The crank is 17 parts pressed together, with needle bearings on each rod. Each rod is "clocked" 90 degrees which fires the two inside cylinders at the same time and then fires the two outside cylinders at 180 degrees from that. It seemed like a reasonable thing to do. There are delrin seals between each double bearing to seal each crankcase volume from the next.

The cylinders have "port-cores" in them for smoother flow (unlike the standard glow engines). You can just barely see them.

When I tell people I designed and built this engine, they usually say, "that's nice". And then I have to explain, "no, I mean, I designed and BUILT this engine, from like chunks of aluminum and steel." Some people still don't get it. I like to say I built everything but the bolts and bearings.

I never really got it to run all that great, the 90cc chainsaw carb just couldn't flow enough methanol. I figured it was good enough and moved on to something else.

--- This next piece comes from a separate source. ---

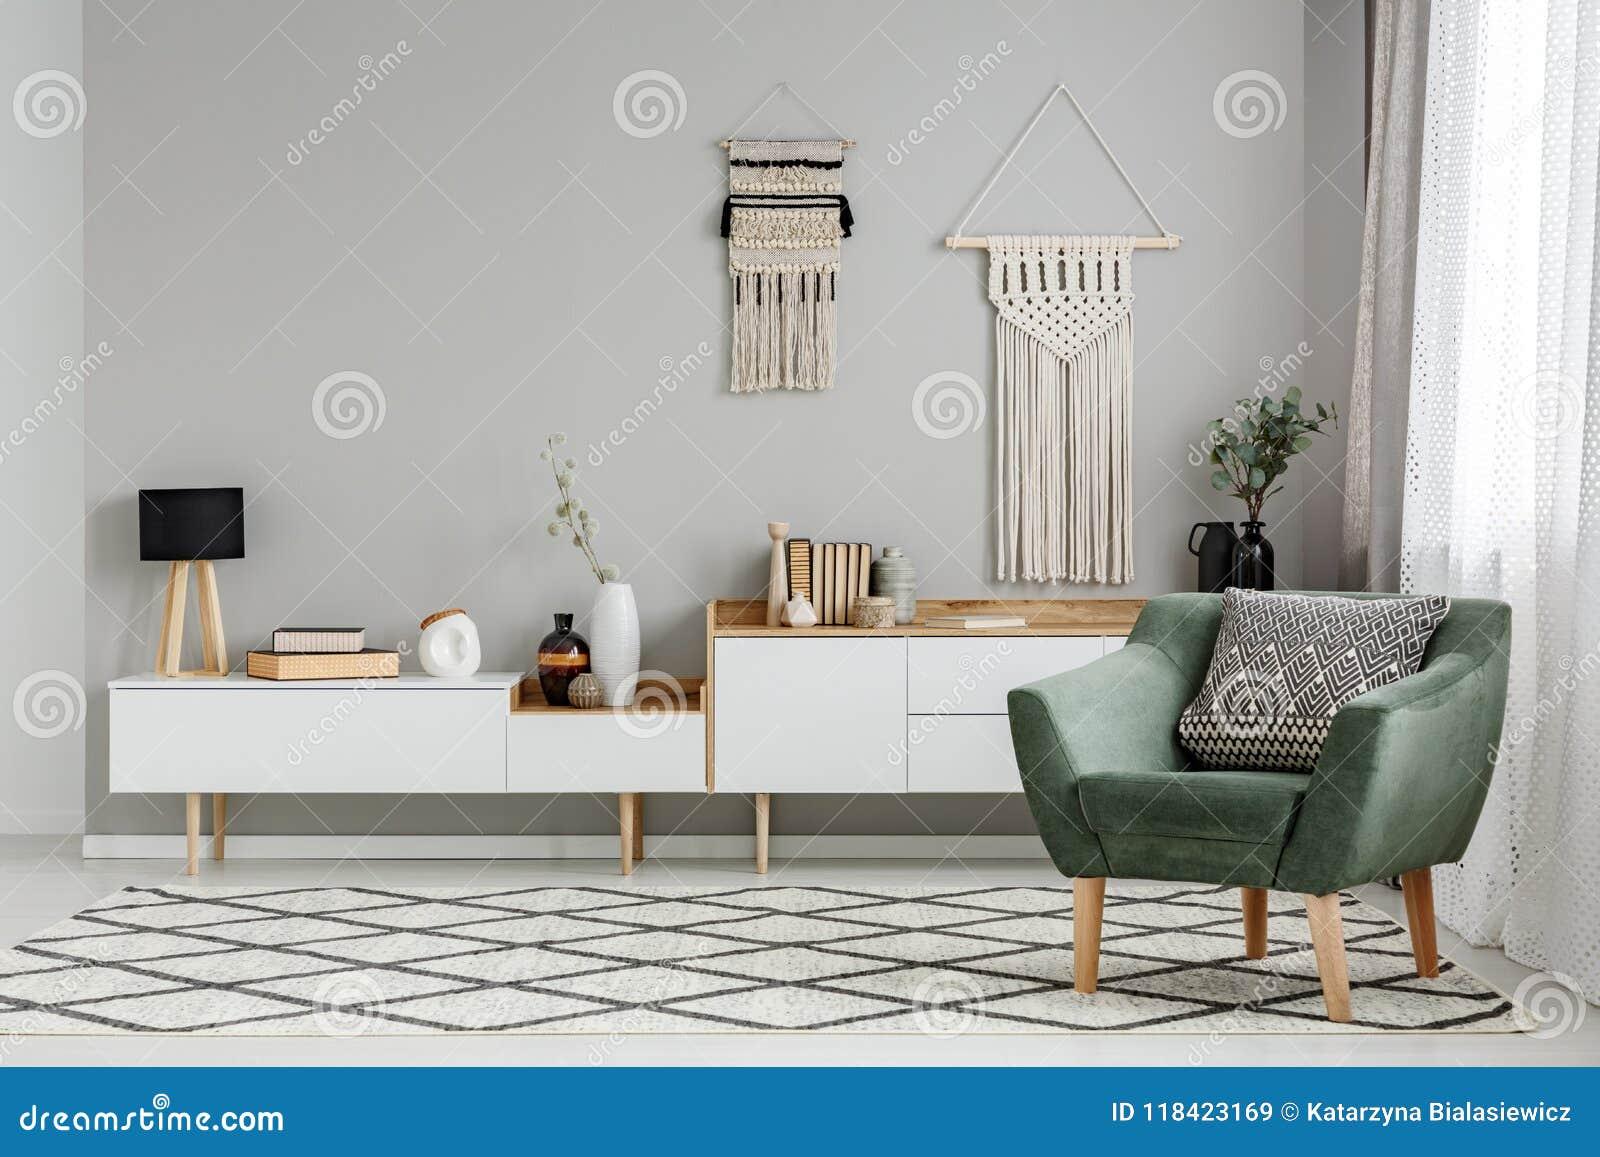 Зеленое кресло на сделанном по образцу ковре в ярком interio живущей комнаты

[ame]http://www.youtube.com/watch?v=X0kVLtxvKwU[/ame]


----------



## warranator

Awesome mate


----------



## Dr Jo

If this is only "good enough" I feel that I should lock up the workshop and go and take up cross stitch or something.

Jo


----------



## CMS

Moving on to what? 6 maybe 8 cylinders. : Nice engine.


----------



## lazylathe

If this is only good enough for you maybe you should send it to me.
I will look after it for you!!! ;D

That is awesome work!!!
It looks, sounds and runs like an engine, therefore it is an engine!!! :big:

Looking forward to the next "Good Enough" engine installment!

Andrew


----------



## Ken I

That is wonderful work - whenever a newbie shows up with something like this it makes me want to curl up under my workbench in a foetal position, suck my thumb and cry.
I dispair of ever getting to that level, but perhaps, someday....

I do have a couple of comments:

Welcome to the forum.

Post an introduction.

Post the damn drawings under the downloads section - I'm guessing a number of members are drooling over your design and might like to tackle it (I'm assuming you don't have a commercial interest in them).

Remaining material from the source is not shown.